Generative AI - Alt Text and other AI Features
These features should be turned off by default. Most users do not want generated content being automatically inserted into production documents without review or approval. If users do want AI assistance, it should be opt-in, with clear choices such as:
Generate descriptions for all images
Generate descriptions for selected images only
Approve descriptions on a case-by-case basis
I do not think automatically inserting generated content into live production files is a good approach.
In real-world workflows especially regulated, accessibility, publishing, legal, pharmaceutical, or corporate environments every word often needs to be reviewed, approved, and sometimes audited. AI-generated alt text can absolutely be useful as a starting point, but it should never silently become part of the document unless the user explicitly accepts it.
There is also the risk of inaccurate, inappropriate, misleading, or non-compliant content being introduced into documents without the user immediately noticing. That could create serious problems for regulated workflows, accessibility compliance, approvals, translations, and version-controlled production environments.
AI should assist the user, not bypass existing review and sign-off processes.
See the current thread.
Gen Alt Text is turned ON by default. Users are informed the first time an image is placed to turn it off with a clear CTA.
Closing this as As Designed.
--
Adobe InDesign team
-
Jess Telmanik
commented
This issue is not resolved for any user. A one time CTA alert for a business threatening feature no one asked to have turned on by default is just as effective as a post it note already thrown away in the trash can.
A bad design is a bad design is a bad design. Intentionally designed or not.
As users have clearly stated and Eugene shared from the beginning, this is a massive red flag to have this turned on by default. Especially with the horrifying results already reported by many users in the community forum.
-
Graphics
commented
Definitely not resolved.
This feature is poorly designed and even more poorly thought out; there is no process of informing the user when AI text is added to every image in an old document they opened. There is also no process to revert that.
What an expected yet still disappointing response. The entire point of this thread is that feature that is "as designed" sucks and can harm users and businesses.
-
Klaas Posselt
commented
I agree, this is not resolved.
Adobe should NEVER change customer data by default. -
Eugene Tyson commented
This is not resolved.
-
Rainer
commented
Thanks for this great example how to not communicate with the community, especially with power users who are wholehearted fans of the software.

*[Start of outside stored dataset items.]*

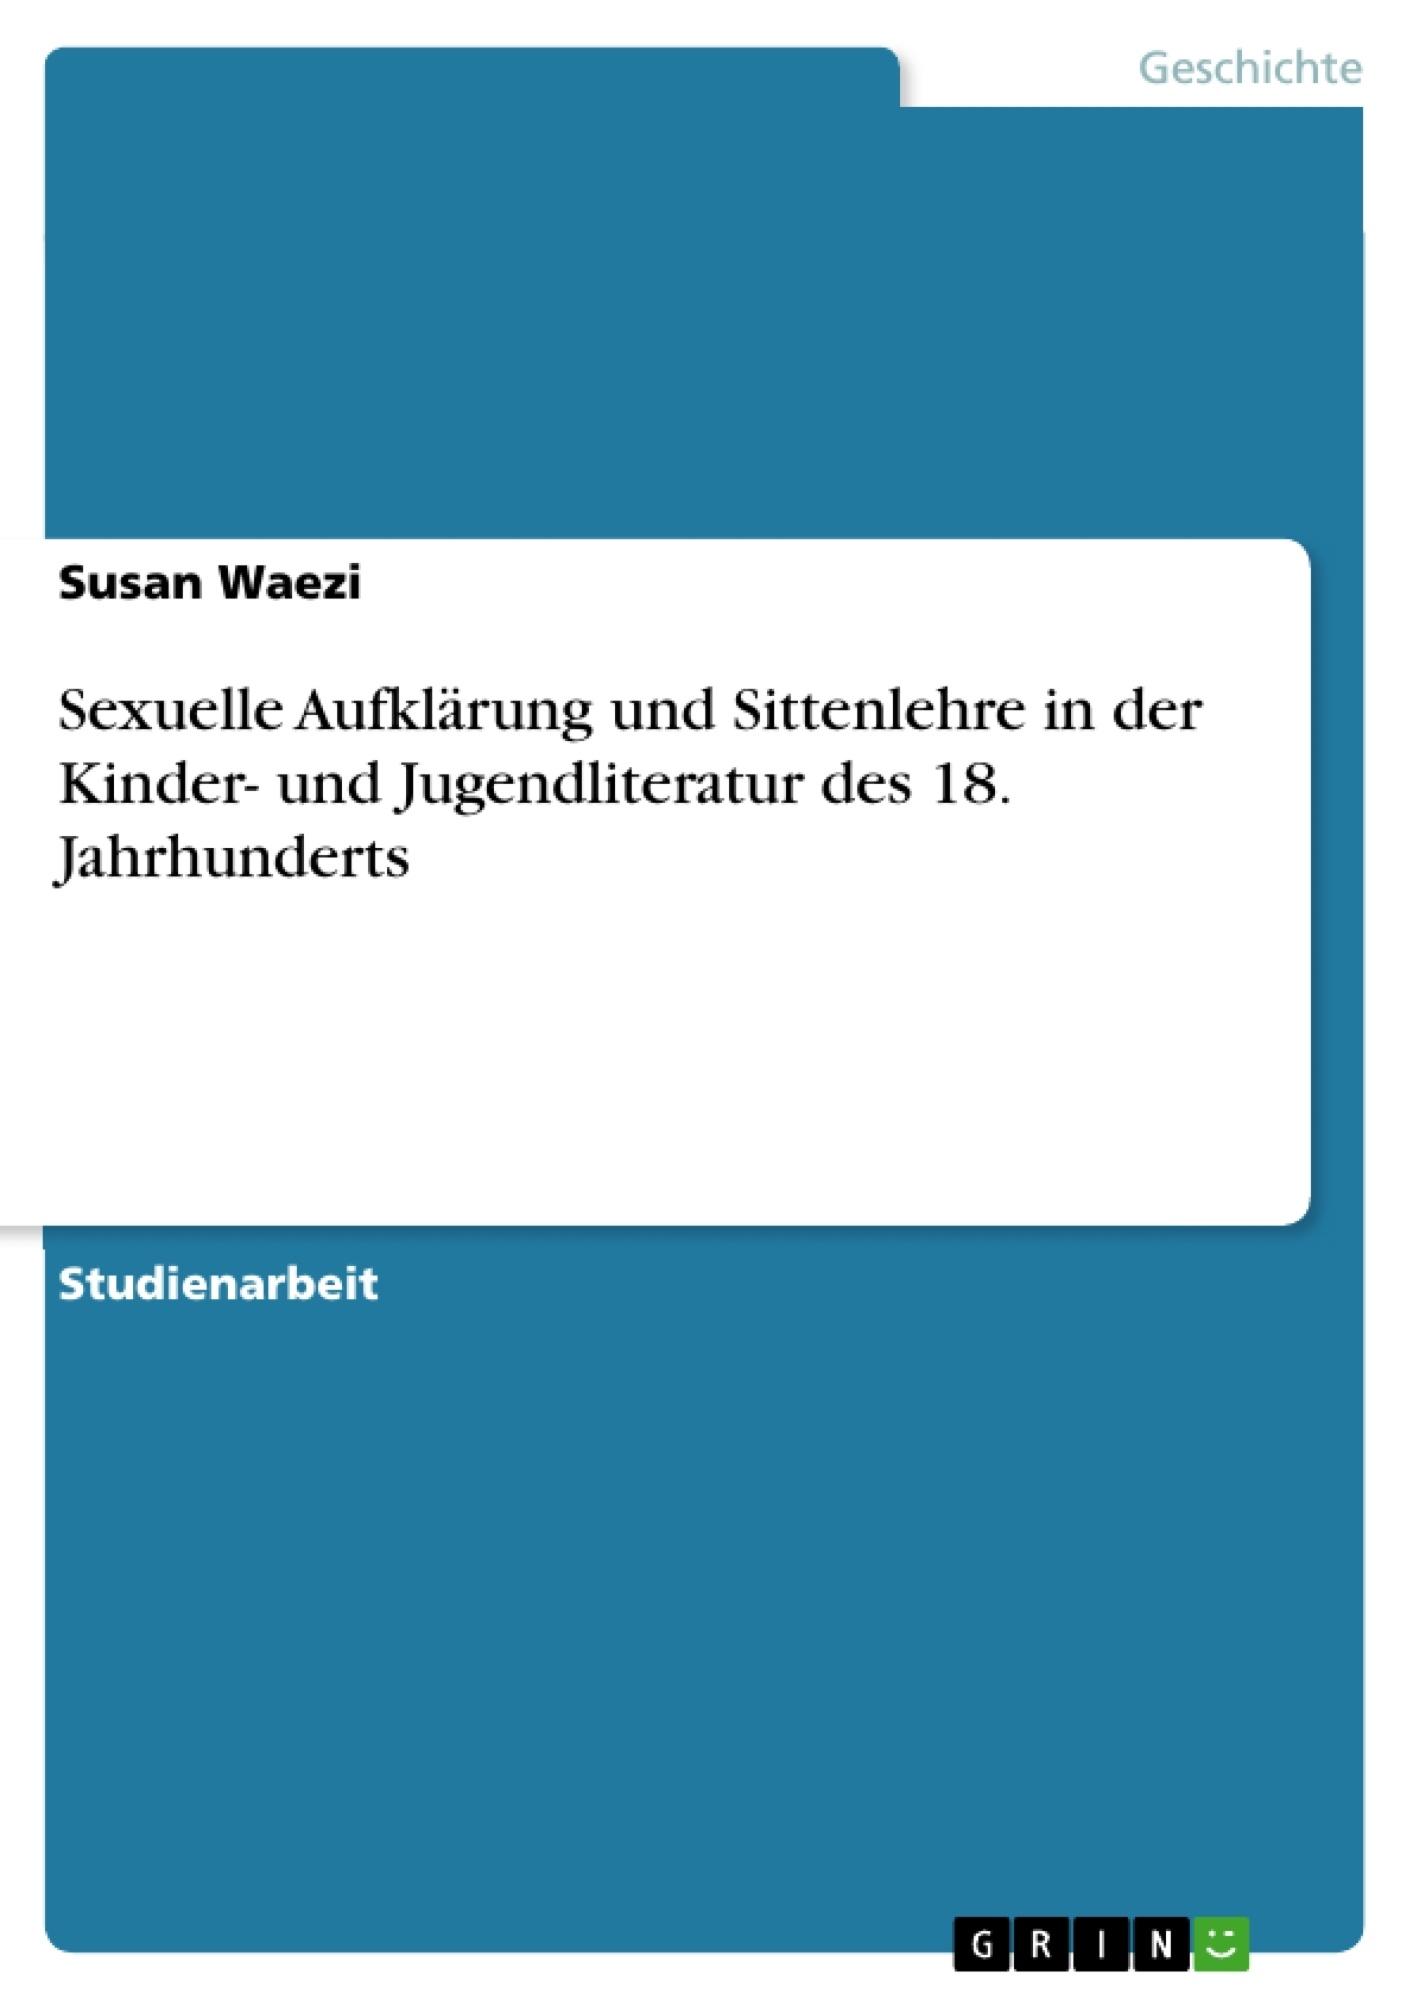 Titel: Sexuelle Aufklärung und Sittenlehre in der Kinder- und Jugendliteratur des 18. Jahrhunderts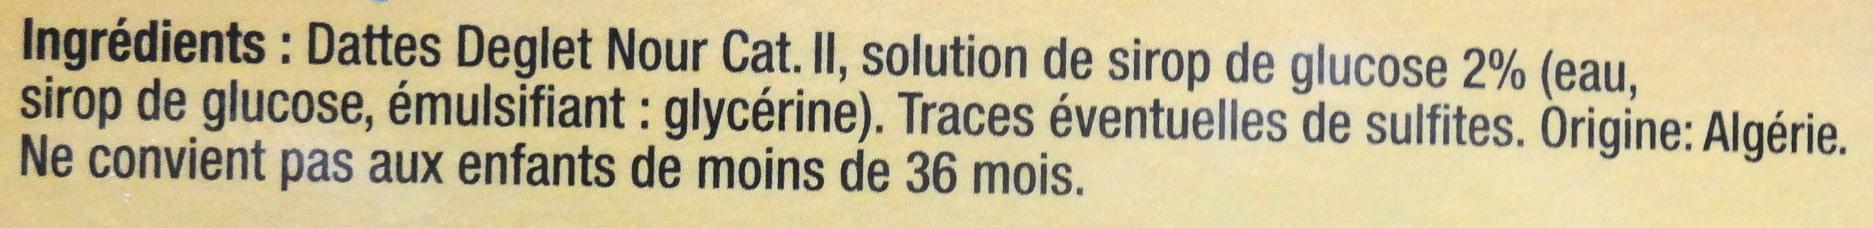 Dattes, Deglet Nour, - Ingrédients - fr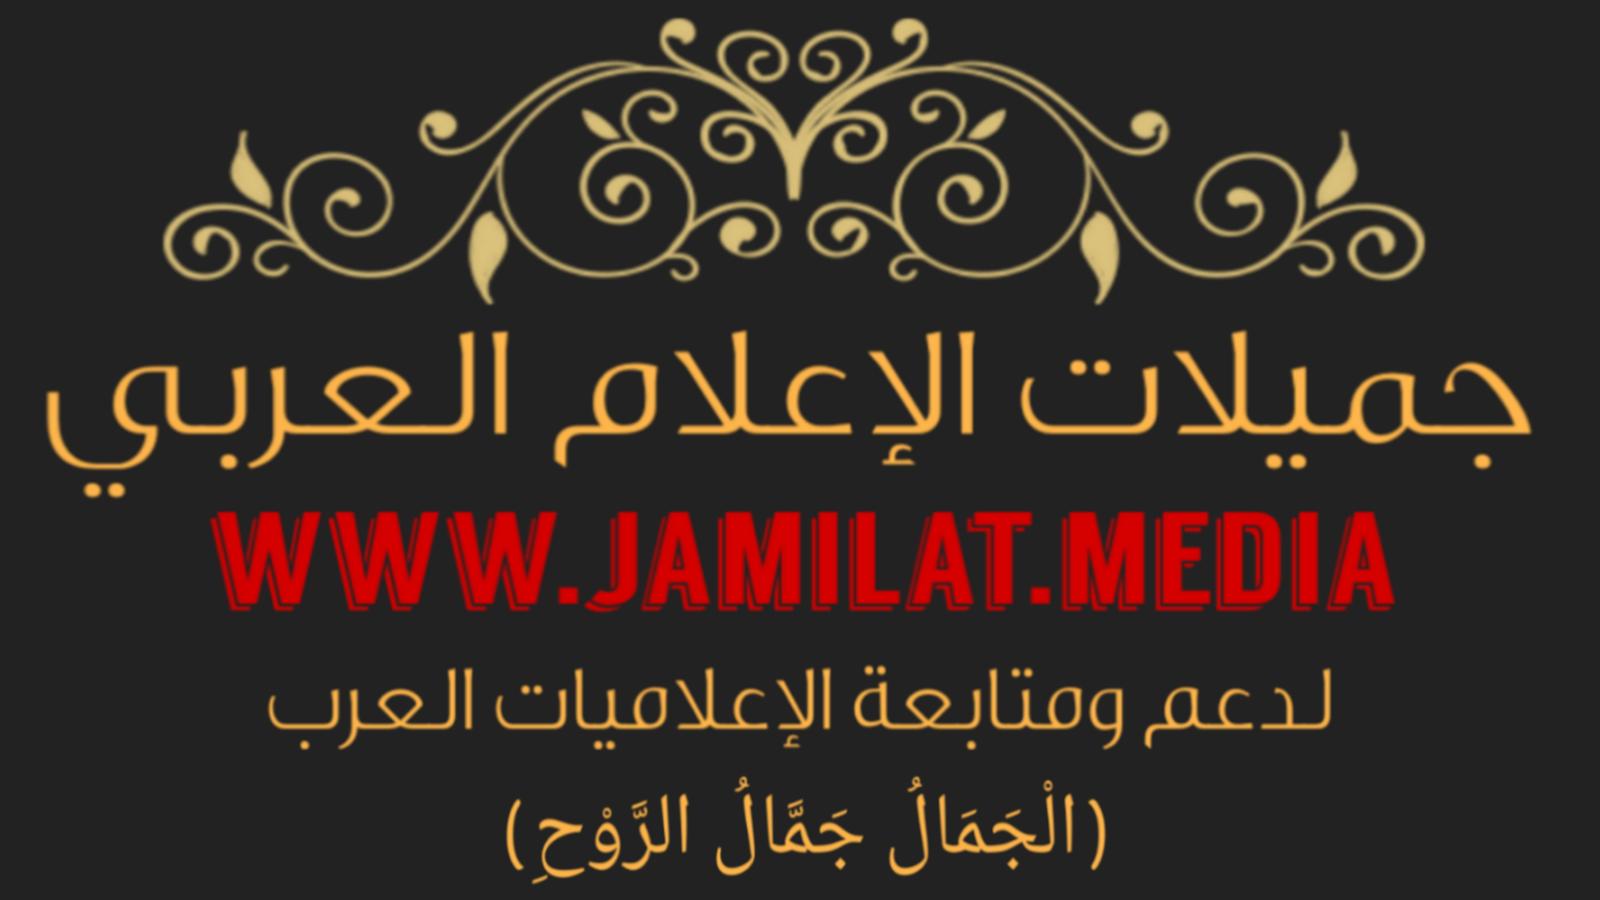 جميلات الإعلام العربي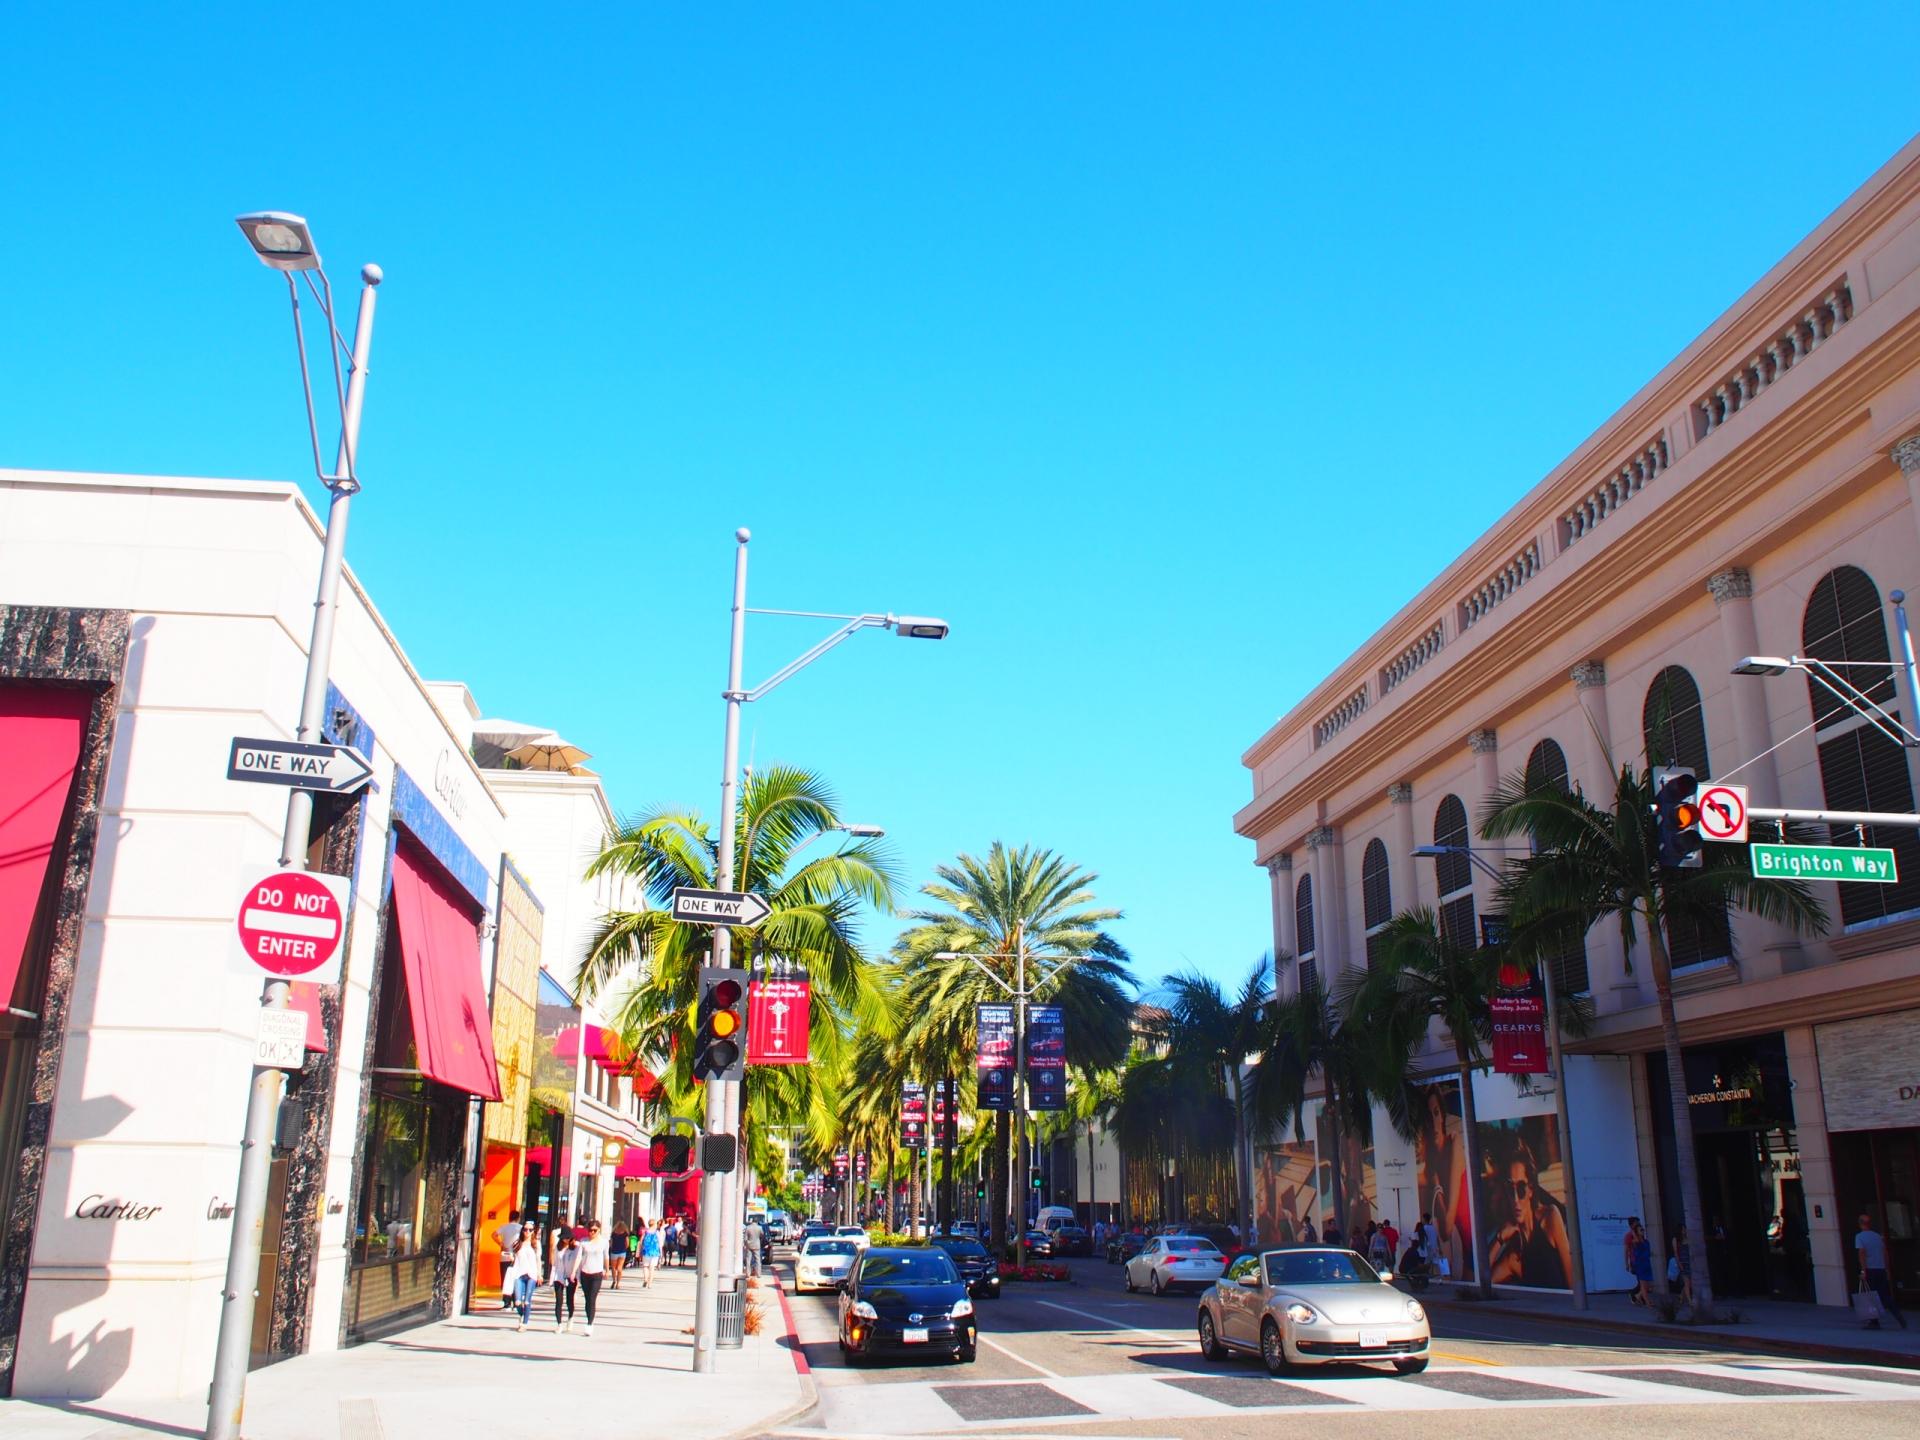 ロサンゼルス風景1

Even the category »Resolved for user« is a punch in the face.
-
Monika Gause
commented
The feature needs to be turned OFF.
The reasons for that have already been mentioned by Eugene Tyson. -
Dominic
commented
I agree with all the comments: The Ravi's response is disrespectful to a well argued suggestion, and disregards the fact that this automatically generated material is generated on older documents as they are opened, before any image is placed.
The response ignores some of the undeniable problems with this approach and
makes the term "uservoice" sound ironic. -
Eugene Tyson commented
That’s a tone deaf reply. The issue isn’t whether there was a checkbox or a CTA once during onboarding. The issue is that AI-generated content is being automatically injected into professional production documents by default — including regulated, government, accessibility, legal, and corporate workflows — and it has already been shown generating NSFW and wildly inaccurate descriptions.
“Users were informed once” is not really an adequate defence when the feature can create reputational or compliance risks months later inside files people may never manually review line by line.
AI alt text as an assistive starting point? Fine. AI silently writing production content by default? That’s the part people are objecting to.
-
Anonymous commented
Yes. As designed. That is exactly the problem: BAD designed! Turn it off by default should be the design 😡😡
-
sean.coffey@berkeley.edu
commented
As somebody who does research reports and just discovered that Adobe is inserting completely inaccurate alt text to describe our figures (without our consent), I could not agree more with this. What a terrible user experience, terrible use of AI, terrible for accessibility. Please, please, please make this all Opt-In. The worst part is the place where I'm supposedly able to disable it doesn't exist for me in InDesign. UGGGGGG
-
dave.d.richardson@btopenworld.com
commented
100% agree. Text should never be changed without agreement and opt in. Default should be opt out.
Dave
-
Dave Courtemanche commented
Unwanted feature turned on by default is a critical miss by Adobe. Do better Adobe. There are those who have no need for these AI features.
-
Graphics
commented
Fully agreed, I am in a corporate design position (non-legal) and unwanted AI alt-tags would cause big issues in our approval process and even bigger if they got published unknowingly.
I can see the benefit here, but it is only positive when prompted by the user/toggled off by default. Otherwise it feels like a rogue tool with potential to add hours to my workflow due to fixing its' mistakes.
-
Anonymous commented
100% agree!
(There is no need by the way for any of this AI slop, but at least it should be off by default!)